Network Forensics: In an investigation scenario, TCP streams like our labex.io connection would help reconstruct a timeline of network activities.
Performance Analysis: By examining the timing and sequence of packets in the labex.io TCP stream, you could identify potential performance bottlenecks in the network.
By saving TCP streams, as we did with our labex.io connection, you create a permanent record that can be:
Shared with team members for collaborative analysis
Used as evidence in security investigations
Compared with other captured streams to identify patterns
Analyzed with additional tools beyond Wireshark
This ability to extract, save, and analyze actual network communication data is what makes TCP stream analysis such a powerful technique for network security professionals.
Advanced TCP Stream Analysis Techniques
In this final step, we'll explore some advanced techniques for analyzing TCP streams in our capture, focusing on our labex.io traffic and any other TCP conversations that might be present.

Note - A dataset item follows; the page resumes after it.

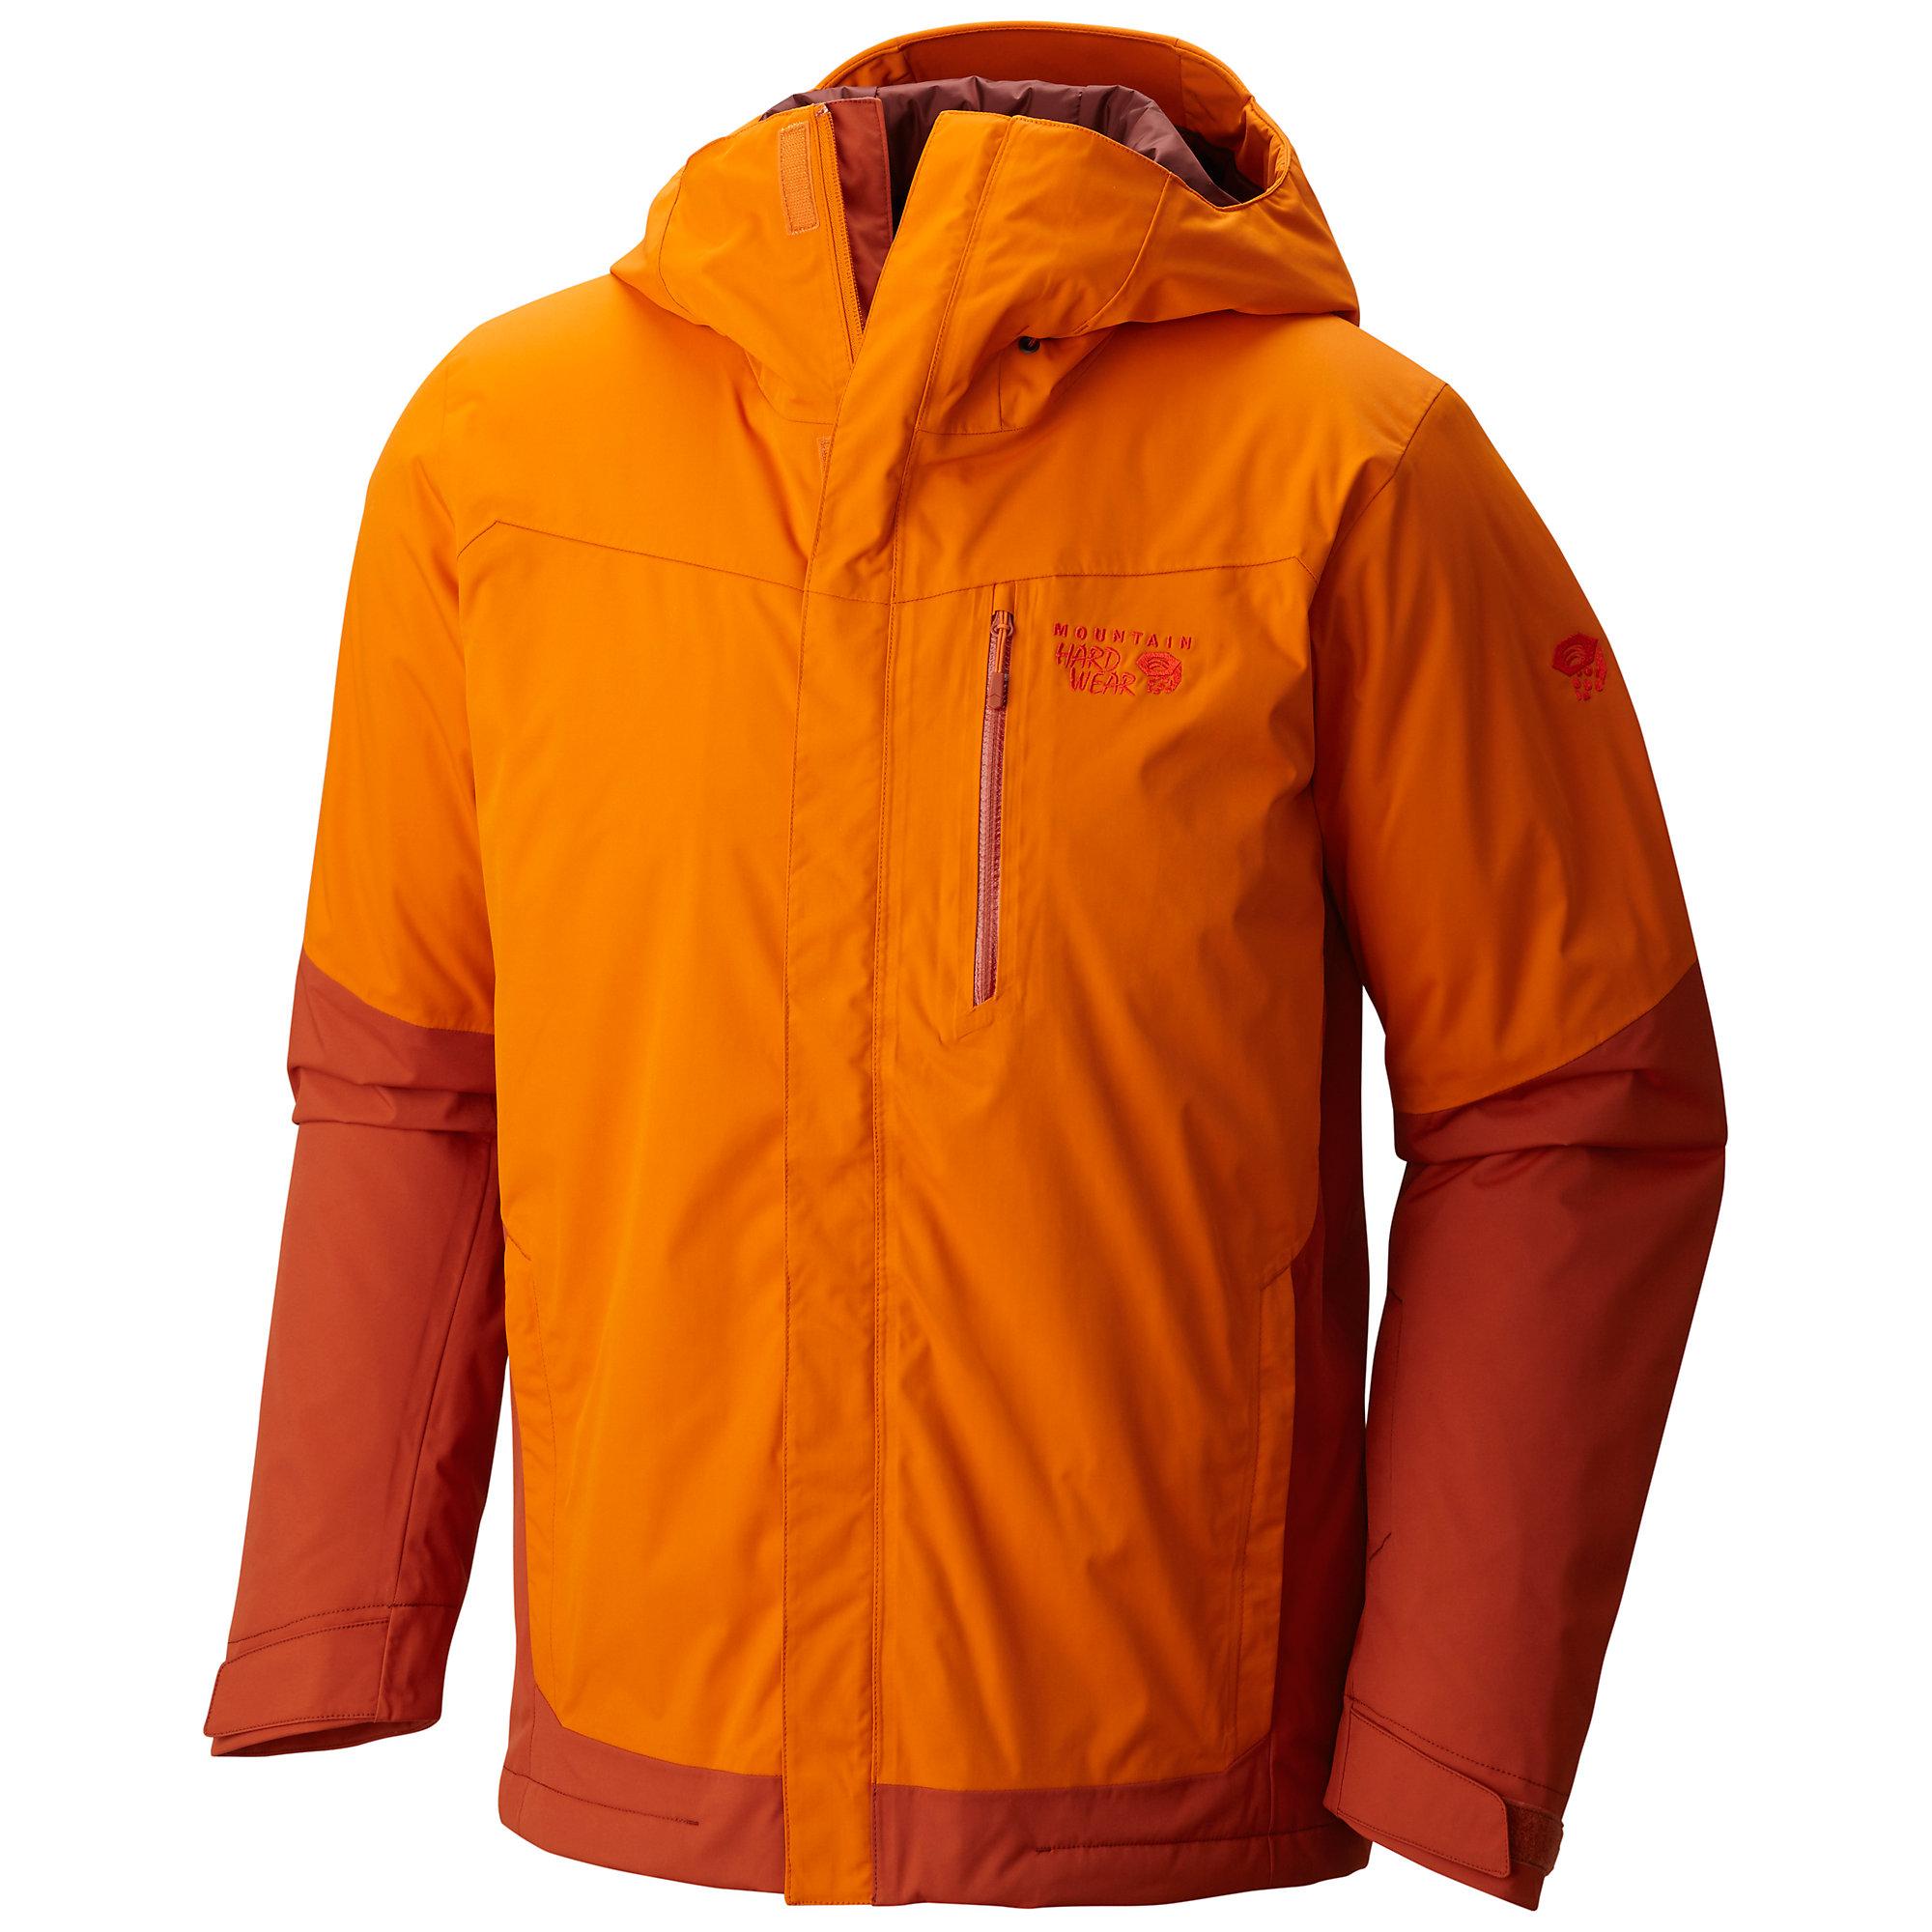 Mountain Hardwear Dragon's Back Insulated Jacket

These advanced skills will help you become more efficient when working with complex network traffic captures.
Filtering Multiple TCP Streams
Let's learn how to explore and filter all the TCP conversations in our capture, not just the labex.io traffic:
Return to the main Wireshark window. If the TCP Stream window from our labex.io analysis is still open, close it.
To view all the TCP conversations in your capture, go to Statistics > Conversations in the top menu.
In the Conversations window, click on the TCP tab to filter the view to show only TCP conversations.
This view shows details about all TCP conversations in your capture, including:
Source and destination addresses and ports
Bytes transferred in each direction
Duration of each conversation
Packets in each direction
Look for the conversation that corresponds to our labex.io connection. It should involve the same IP addresses you observed in Step 2. You may also see other TCP conversations that were happening during your capture period.
Select the labex.io conversation and click the Follow Stream button at the bottom. This provides another way to access the same TCP stream we analyzed earlier.
Using TCP Stream Numbers
Each TCP stream in your capture has a unique identifier called the "tcp.stream" number. This provides a precise way to filter and analyze specific streams:
With the main Wireshark window open, look at the packet details of one of the labex.io packets you identified earlier. Expand the "Transmission Control Protocol" section in the middle pane, and look for a field called "Stream index" or similar. This number is the unique identifier for the labex.io TCP stream.
To filter packets belonging to this specific stream, use a display filter like this:
tcp.stream eq N
Replace N with the stream index number you found. For example, if the labex.io stream has index 0, you would use:
tcp.stream eq 2
Apply this filter in the display filter box. Wireshark will now show only the packets that belong to the labex.io TCP stream, providing a cleaner view of just this conversation.
This filter is especially useful when you have many TCP conversations in your capture and want to focus on a specific one without having to find and right-click on a packet each time.
By mastering these advanced TCP stream analysis techniques, you've enhanced your network traffic analysis capabilities significantly. You can now efficiently isolate, examine, and document TCP conversations in complex network captures, a skill that's invaluable for cybersecurity professionals.
Summary
In this lab, you have learned how to use Wireshark's "Follow TCP Stream" feature for in - depth network traffic analysis. You've gained hands - on experience in capturing network traffic, filtering TCP conversations, interpreting data in various formats, saving stream data for offline use, and applying advanced analysis techniques.
These skills are essential for network administrators, security analysts, and IT professionals. They enable you to troubleshoot network problems, investigate security incidents, and understand application behavior. As you progress, remember that Wireshark has many more features, and TCP Stream analysis is just one valuable tool in your cybersecurity arsenal.